There are relatively few subjects which do not involve their own biases. Not even science or geography can be taught without infringing on one groups beliefs or championing another's. History certainly can't. Language instruction can't (as even punctuation and word order can imply biases towards American English, or European English, or British English, or Welsh English, ect). Even the simple act of greeting a class or the ordering of the date carries with it a message of a "right way" and a "wrong way". Instruction by its very nature is intended to give students the tools needed to resolve the numerous ambiguities which are omnipresent. Where there is no structure, no direction, there is only insanity as the mind would have no capability to make sense of anything new or different. In a sense, there is no instruction, nor any knowledge at all as making any sense of anything requires establishing beliefs of one sort or another.

 

Almost every other form of communication has its own biases as well. It's the programs they watch, the books they read, the games they play, the people they interact with inside and outside the home. All of these things help shape a child's perceptions of the world. It doesn't matter if those views are conservative or liberal, the child will usually interpret those views based on what they already know. Critical thinking skills are not related to creating a bias in that interpretation, no matter how they are taught. They are however essential as a means of negotiating between two conflicting views, rather than just accepting the one which was introduced first, or which came from someone they recognize as an authority. It is THIS part that should make you concerned regardless what views you have, or how you identify since it is this part that allows anyone to decide what should be thought about a subject merely by being the first to introduce it.

 

 

To put it in the simplest and most extreme way.
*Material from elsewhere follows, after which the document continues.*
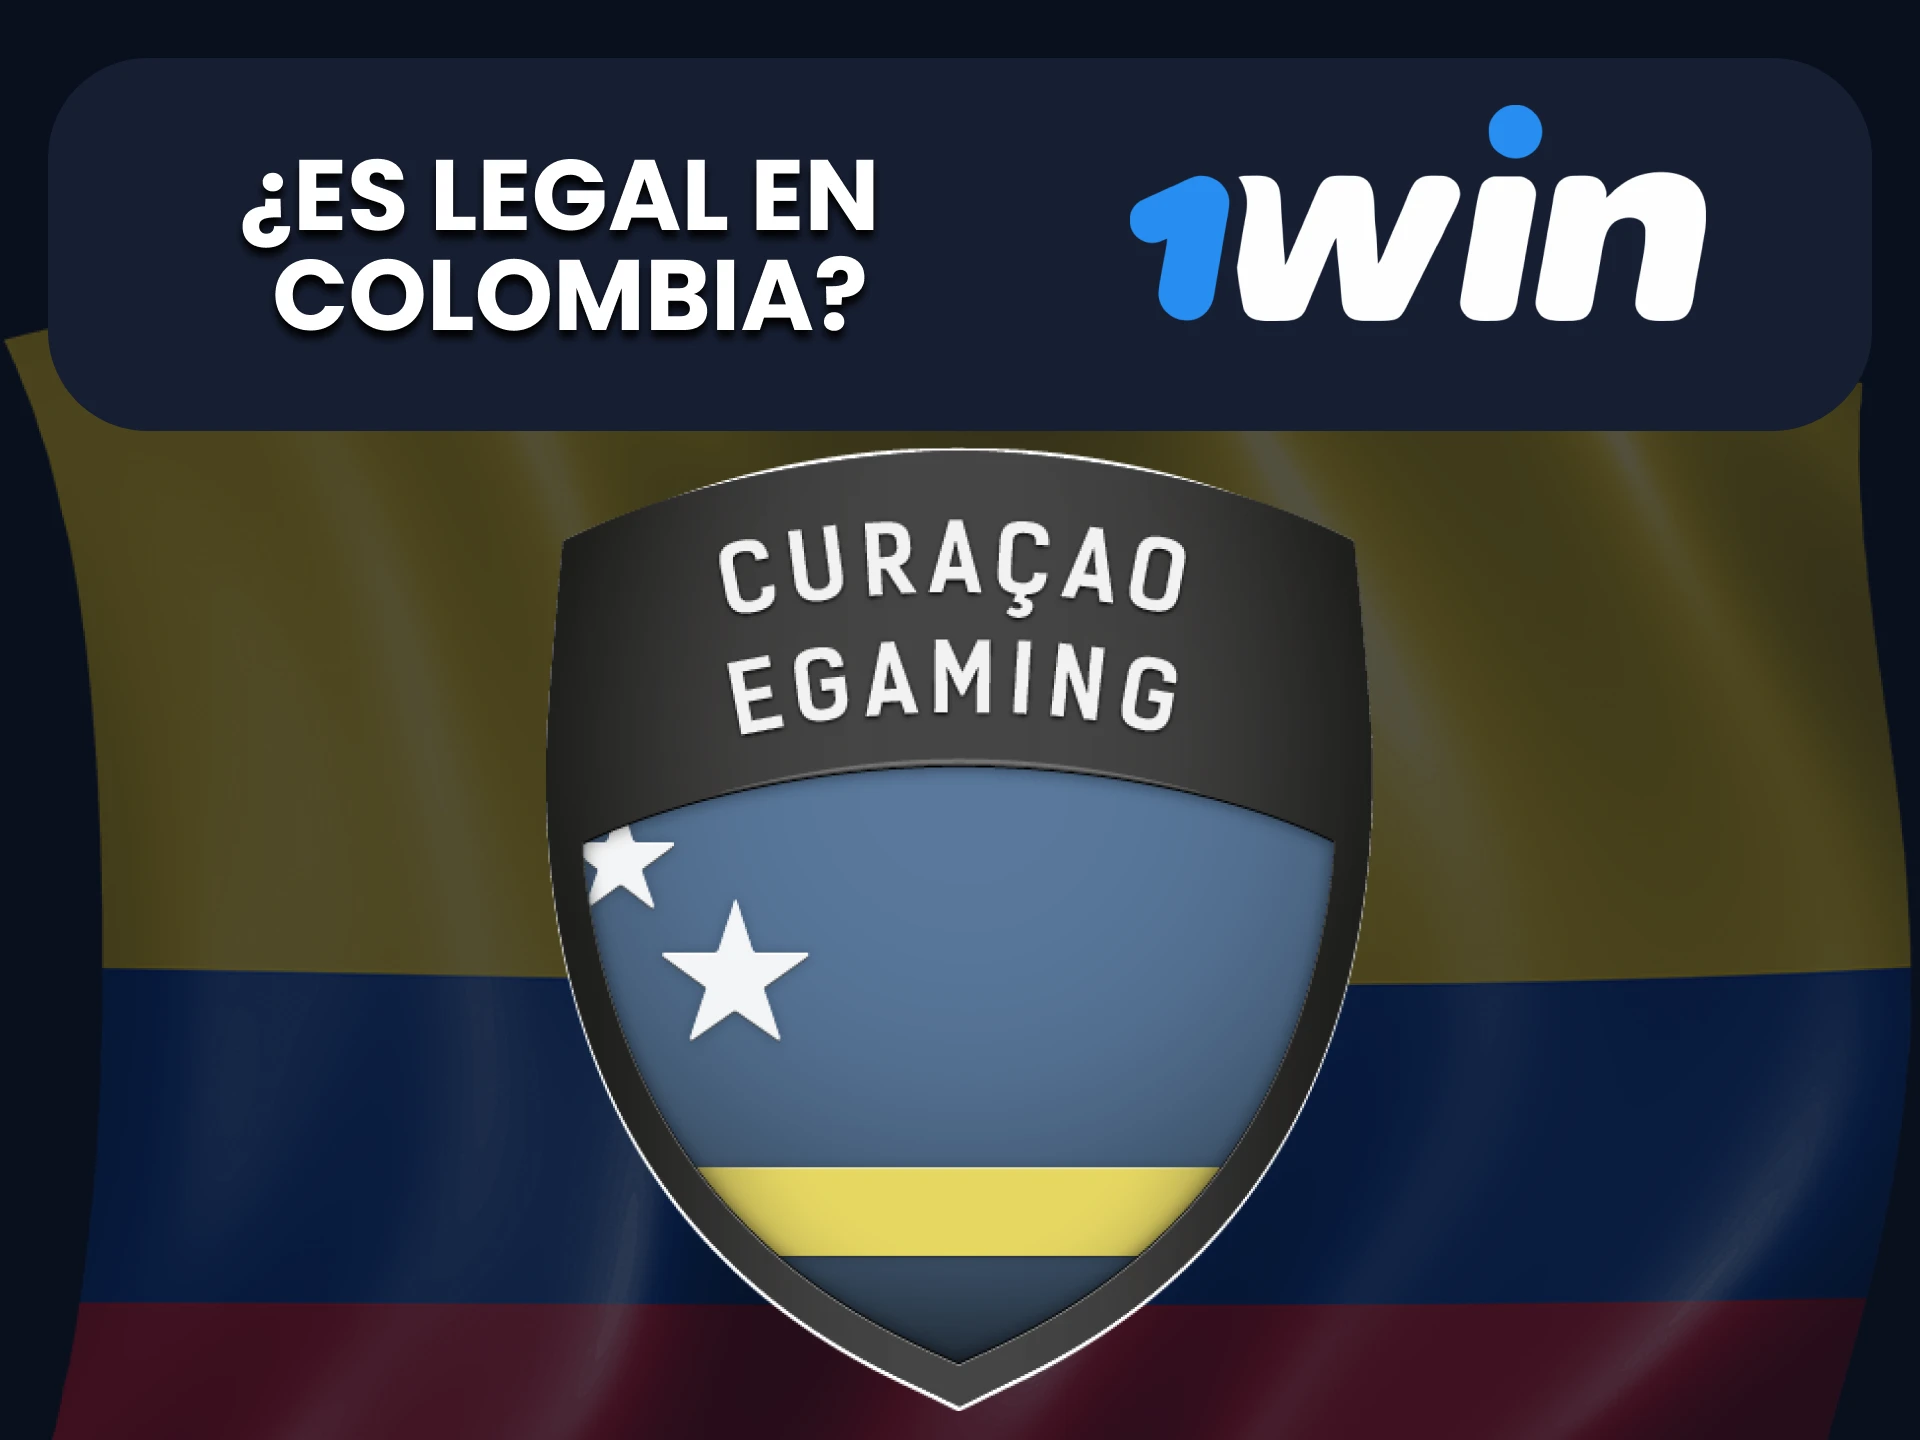 1win es un sitio legal en Colombia.

If someone without any development of those skills is told by an older sibling, or a friend that they respect that "girls (boys) have cooties", that person will believe it completely, accept it as an undeniable fact, and refute any discussion to the contrary because the mere thought that what they were led to believe was in fact wrong is an unthinkable reality. The stronger that sibling or friend made those claims, stating past instances of contact, accounts of others, getting someone else to vouch for them, ect; the stronger that belief will be present as an immovable mental object. As silly as this might sound, this sort of thing is still present in the case of those who believe in a flat Earth, an empty Earth, and countless other things that probably don't need to be mentioned.

 

As much as you may dislike liberals, the mere act of asking questions, experimentation, challenging long standing beliefs is essentially what has allowed any and all scientific progress since the advent of fire. Liberal notions are what allows for change, conservative notions are what allows for that change to be moderated and directed. Too much change leads to chaos, destruction and a lack of focus towards solving problems, not enough leads to stagnation and refusal to even acknowledge that problems (other than those clearly caused by liberals) exist. The world needs both, and in most cases, these are things that develop within the individual in relation to the world in which they live, rather than something which is taught to them by a handful of people.

 

 

Fun fact - More than 50% of the people who watch Fox News are liberals who are looking for fault and justification for the beliefs they already have. There are similar situations for those who watch CNN, MSNBC, or pretty much everything else. Just being exposed to something doesn't mean that the views expressed resonate in a positive way.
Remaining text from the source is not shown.